Data:
....................

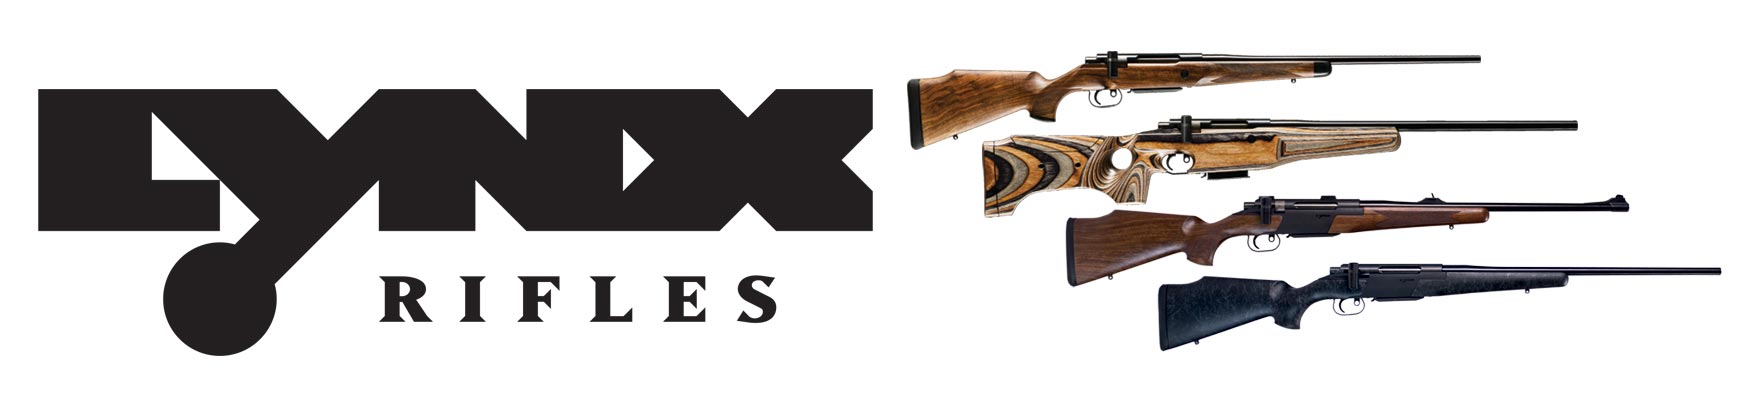 Lynx 94 Rifles
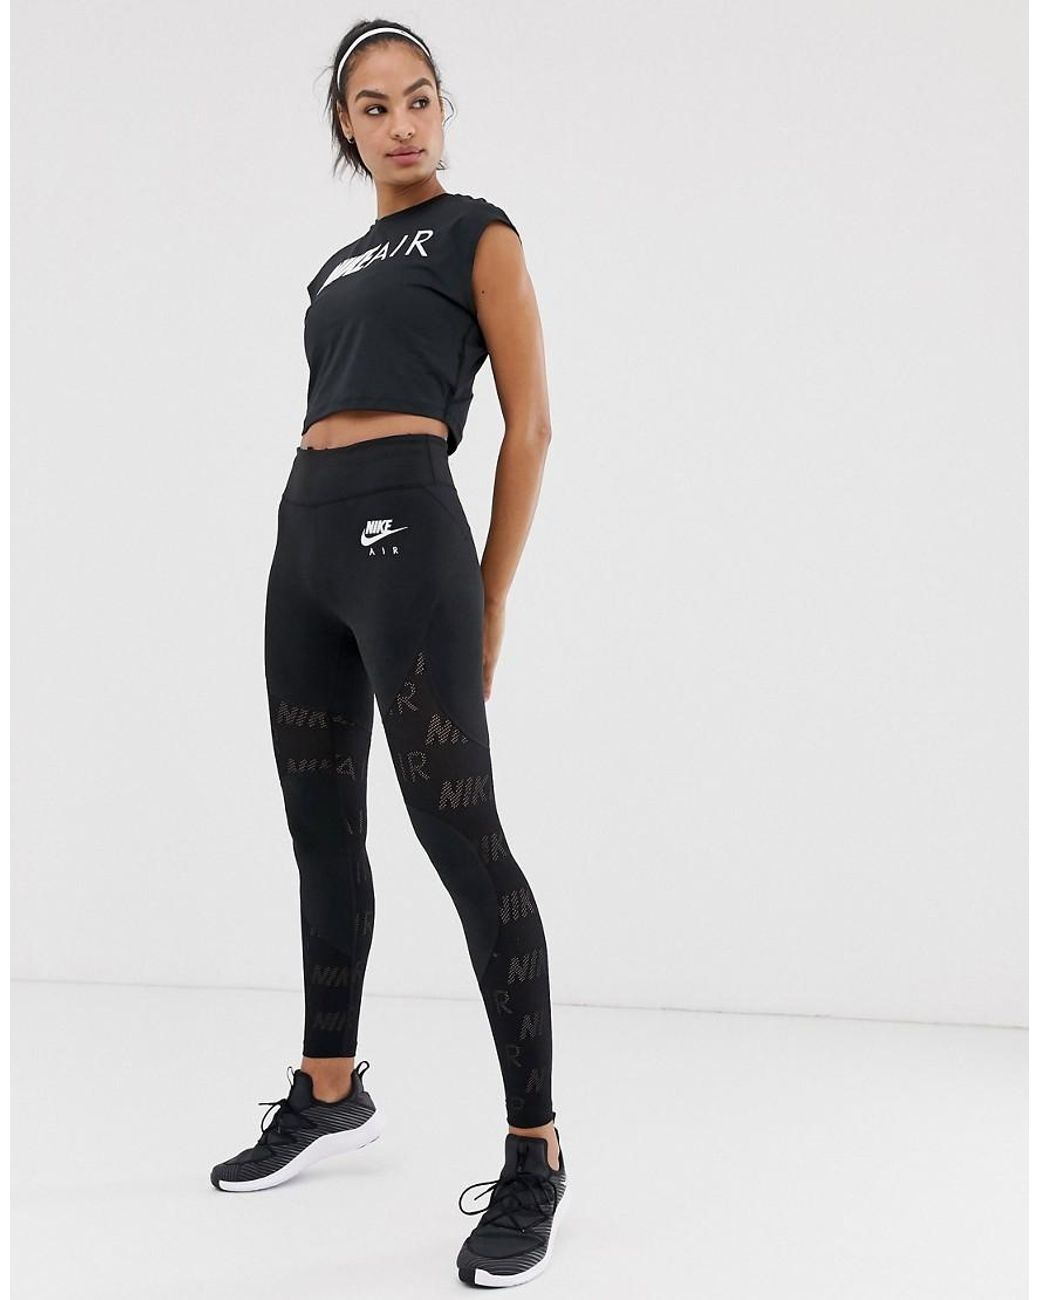 Nike Running Leggings With Mesh Panels In Black Lyst
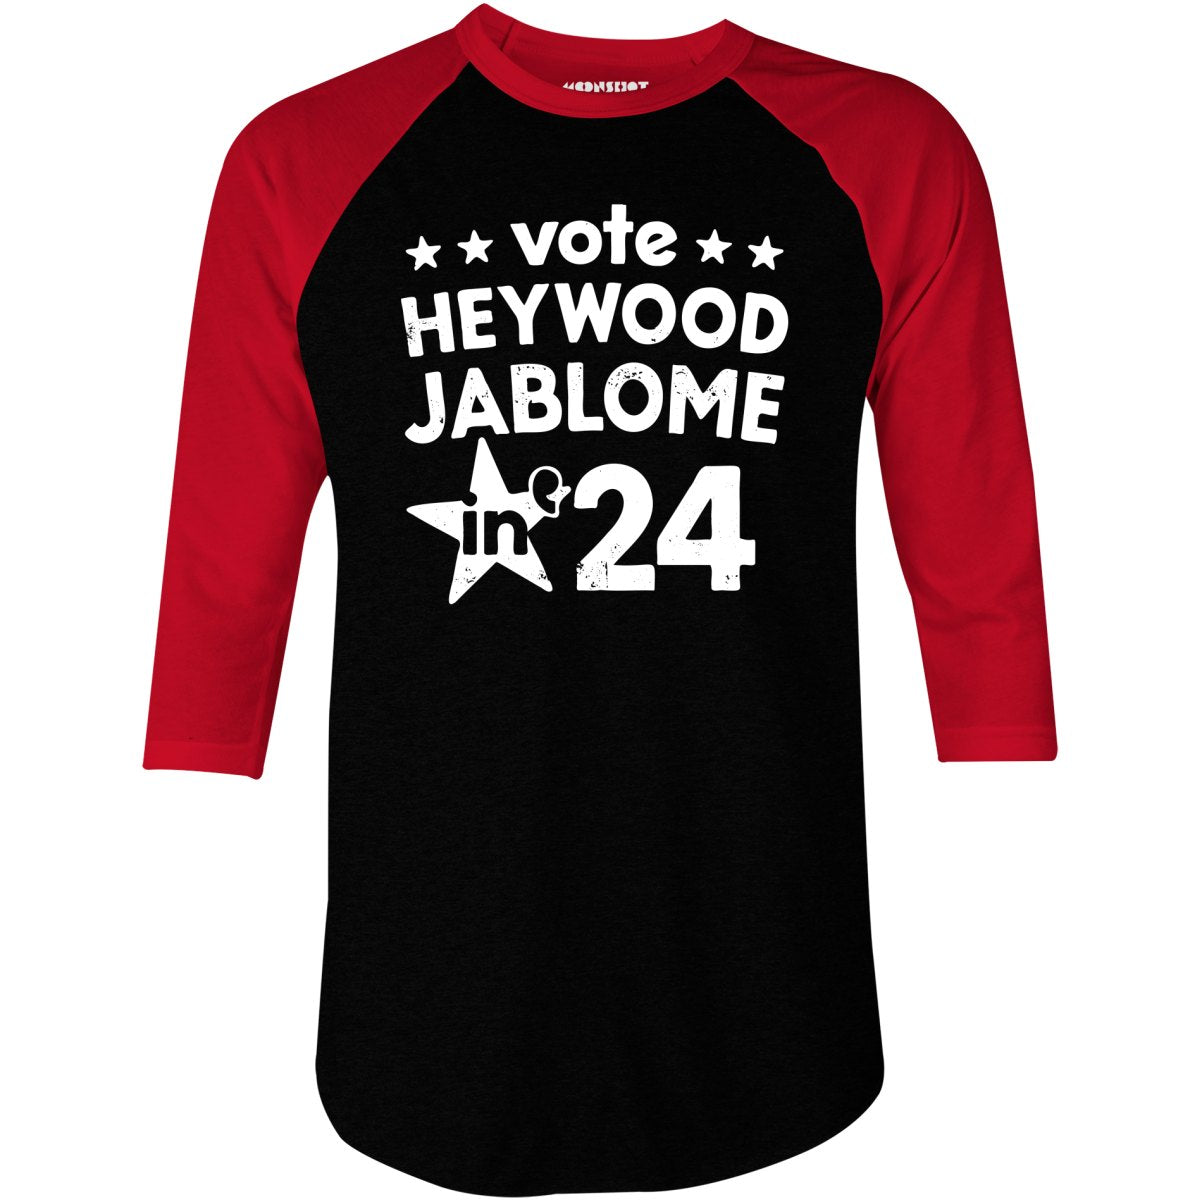 Heywood Jablome 2024 - 3/4 Sleeve Raglan T-Shirt

....................

What you are asked to do: Except for the pictures, return every line of the material exactly.

Exercise result:
 Lynx 94 Rifles
 Nike Running Leggings With Mesh Panels In Black Lyst
 Heywood Jablome 2024 - 3/4 Sleeve Raglan T-Shirt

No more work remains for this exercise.